Advanced data management with OpenSearch

  • OpenSearch's support for k-NN vector databases enables diverse applications like similarity search, classification, clustering, and time series analysis
  • The introduction of Piped Processing Language (PPL) in OpenSearch allows users to manipulate data efficiently
  • The OpenSearch Assistant Module facilitates the creation of AI assistants within OpenSearch Dashboards, integrating skills for specific tasks, an ML framework, and UI components
  • Local or external models can be employed with OpenSearch Assistant, offering flexibility in model selection based on use case and hardware constraints
  • Language Model Models (LLMs) in OpenSearch simplify data analysis through natural language interactions, encouraging iterative refinement of queries
  • The simplicity of prompts in OpenSearch Assistant belies the underlying complexity of integrating various technologies, ultimately enhancing user experiences in data exploration and analysis

This article is a continuation of the previous Transition to OpenSource. In the previous publication, we explored our transition from Graylog to OpenSearch, highlighting the reasons behind this transition. In this article, we will further delve into the capabilities of OpenSearch, specifically focusing on its ability to integrate local or remote machine learning systems using the OpenSearch Assistant Module. This evolution represents a significant step in the journey towards advanced data management and offers opportunities to enhance analysis and information extraction process from our logs.

What it is

Generative AI is transforming how users interact with and derive insights from their data.

OpenSearch has supported the k-NN vector database since its inception, which is crucial in a wide range of applications, including similarity search, classification, clustering, and time series analysis.

For example, it allows:

OpenSearch has also introduced the concept of Piped Processing Language (PPL), which allows users to concatenate various operations to manipulate data to obtain complex results.
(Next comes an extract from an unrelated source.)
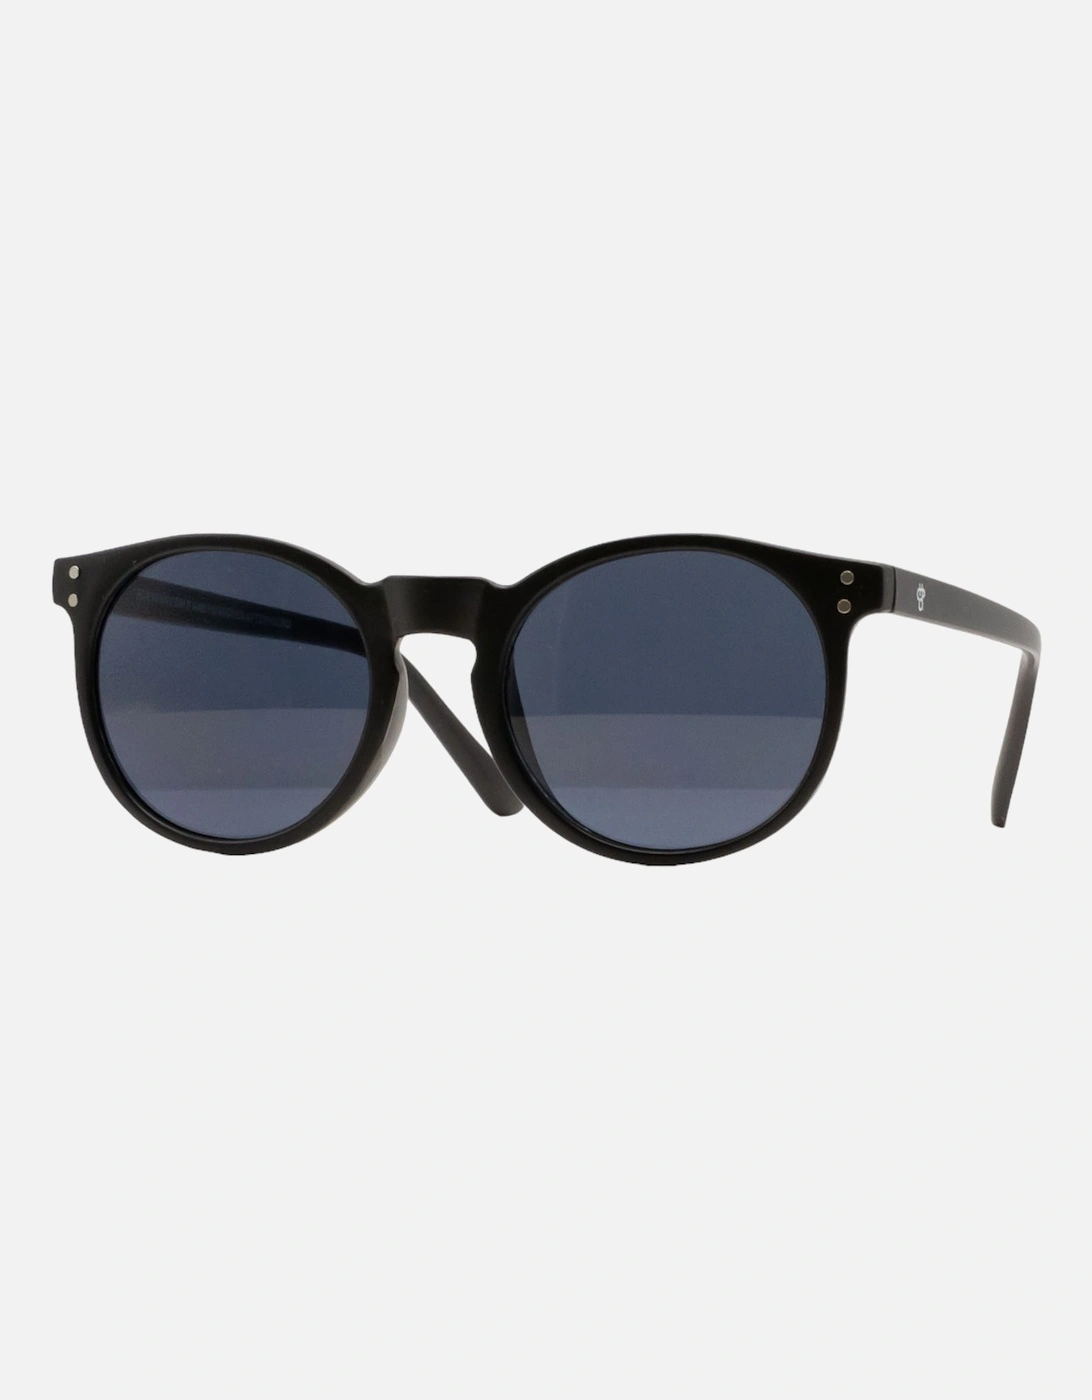 Coxos Sunglasses - Black, 4 of 3

The OpenSearch Assistant Module is a framework to orchestrate these different technologies to create AI assistants directly within OpenSearch Dashboards. It includes “skills” for specific tasks, an ML framework to integrate AI models, and UI components for conversational interactions.

These skills can be connected to an LLM to generate summaries from query results, while ensuring an intuitive and interactive user experience of OpenSearch Dashboards was as simple as incorporating the UI search bar component into our log exploration interface.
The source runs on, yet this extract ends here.